Manual compilation of 24.05.4. slurmctld and slurmd run on same server. All works ok but all test jobs end up pending with InvalidAccount message. I do not use slurm database and have not enabled accounting. Can not find an answer for this behavior or a misconfiguration. slurm.conf file was generated using easy config tool. Any ideas how to fix this? Thx,
-Henk
## looks like all users have access to test queue [hmeij@sharptail2 slurm]$ sinfo -o "%g %.10R %.20l" GROUPS PARTITION TIMELIMIT all test infinite [hmeij@sharptail2 slurm]$ sinfo PARTITION AVAIL TIMELIMIT NODES STATE NODELIST test* up infinite 1 idle sharptail2
## simple sleep job [hmeij@sharptail2 slurm]$ sbatch sleep Submitted batch job 8 [hmeij@sharptail2 slurm]$ squeue JOBID PARTITION NAME USER ST TIME NODES CPUS MIN_MEMORY NODELIST(REASON) 8 test sleep hmeij PD 0:00 1 1 1G (InvalidAccount) [hmeij@sharptail2 slurm]$ scontrol show job 8 JobId=8 JobName=sleep UserId=hmeij(8216) GroupId=its(623) MCS_label=N/A Priority=1 Nice=0 Account=(null) QOS=(null) JobState=PENDING Reason=InvalidAccount Dependency=(null) Requeue=1 Restarts=0 BatchFlag=1 Reboot=0 ExitCode=0:0 RunTime=00:00:00 TimeLimit=UNLIMITED TimeMin=N/A SubmitTime=2024-11-11T13:27:14 EligibleTime=2024-11-11T13:27:14 AccrueTime=2024-11-11T13:27:14 StartTime=Unknown EndTime=Unknown Deadline=N/A SuspendTime=None SecsPreSuspend=0 LastSchedEval=2024-11-11T13:27:14 Scheduler=Main Partition=test AllocNode:Sid=sharptail2:644662 ReqNodeList=(null) ExcNodeList=(null) NodeList= NumNodes=1-1 NumCPUs=1 NumTasks=1 CPUs/Task=1 ReqB:S:C:T=0:0:1:1 ReqTRES=cpu=1,mem=1G,node=1,billing=1 AllocTRES=(null) Socks/Node=1 NtasksPerN:B:S:C=1:0:*:* CoreSpec=* MinCPUsNode=1 MinMemoryNode=1G MinTmpDiskNode=0 Features=(null) DelayBoot=00:00:00 OverSubscribe=OK Contiguous=0 Licenses=(null) Network=(null) Command=/zfshomes/hmeij/slurm/sleep WorkDir=/zfshomes/hmeij/slurm StdErr=/zfshomes/hmeij/slurm/err StdIn=/dev/null StdOut=/zfshomes/hmeij/slurm/out TresPerTask=cpu=1
## within a minute or so that InvalidAccount changes to None ( ## but job remains pending; 1-7 stuck over the weekend)

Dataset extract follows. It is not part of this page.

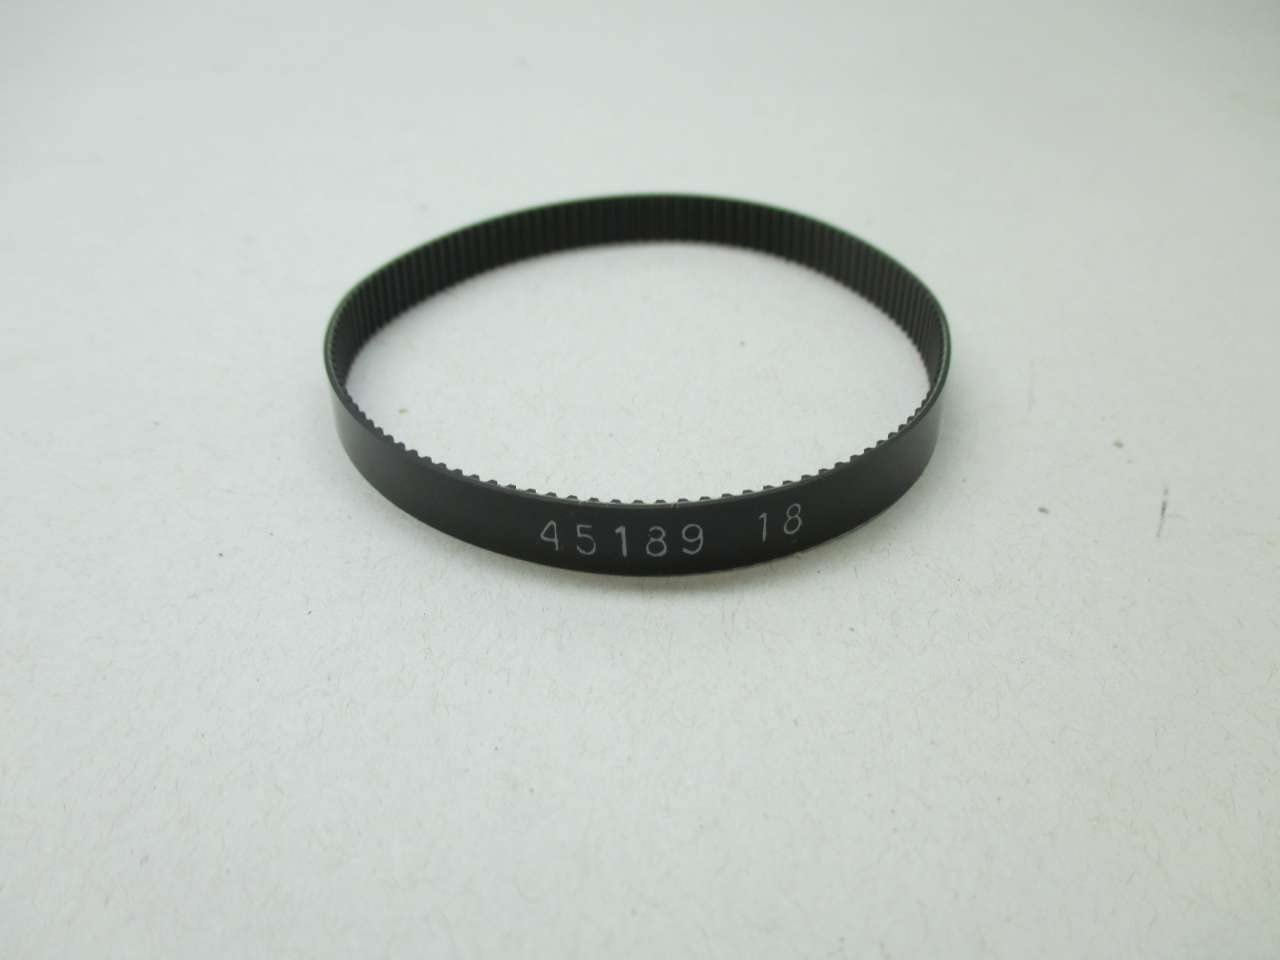 Zebra 45189-18 Printer Accessory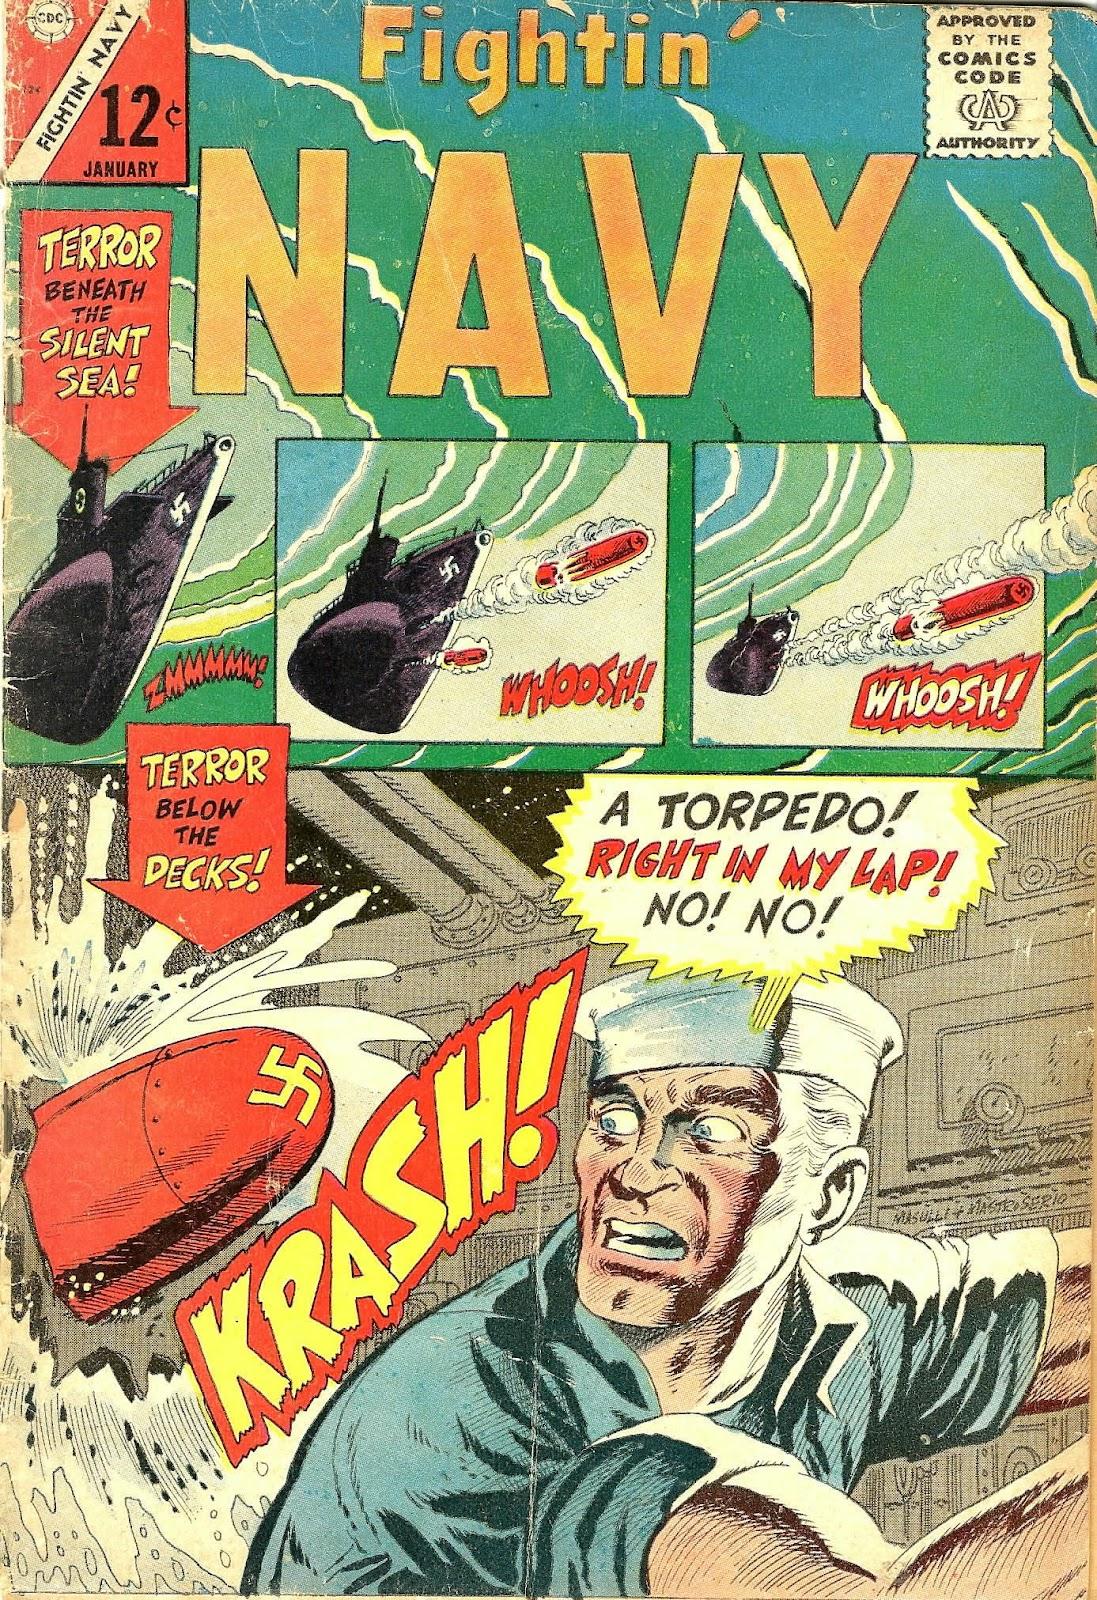 Read online Fightin' Navy comic -  Issue #124 - 1

[hmeij@sharptail2 slurm]$ squeue JOBID PARTITION NAME USER ST TIME NODES CPUS MIN_MEMORY NODELIST(REASON) 8 test sleep hmeij PD 0:00 1 1 1G (None)
## in the slurmctld.log
slurmctld: sched: JobId=8 has invalid account slurmctld: debug: set_job_failed_assoc_qos_ptr: Filling in assoc for JobId=8 Assoc=0 slurmctld: debug: sched: Running job scheduler for full queue. slurmctld: error: _refresh_assoc_mgr_qos_list: no new list given back keeping cached one.
##and the slurm.conf accounting section (both AccountingStorageType lines yield same behavior)
#AccountingStorageType= AccountingStorageType=accounting_storage/none #JobAcctGatherFrequency=30 #JobAcctGatherType=
## using
SchedulerType = sched/builtin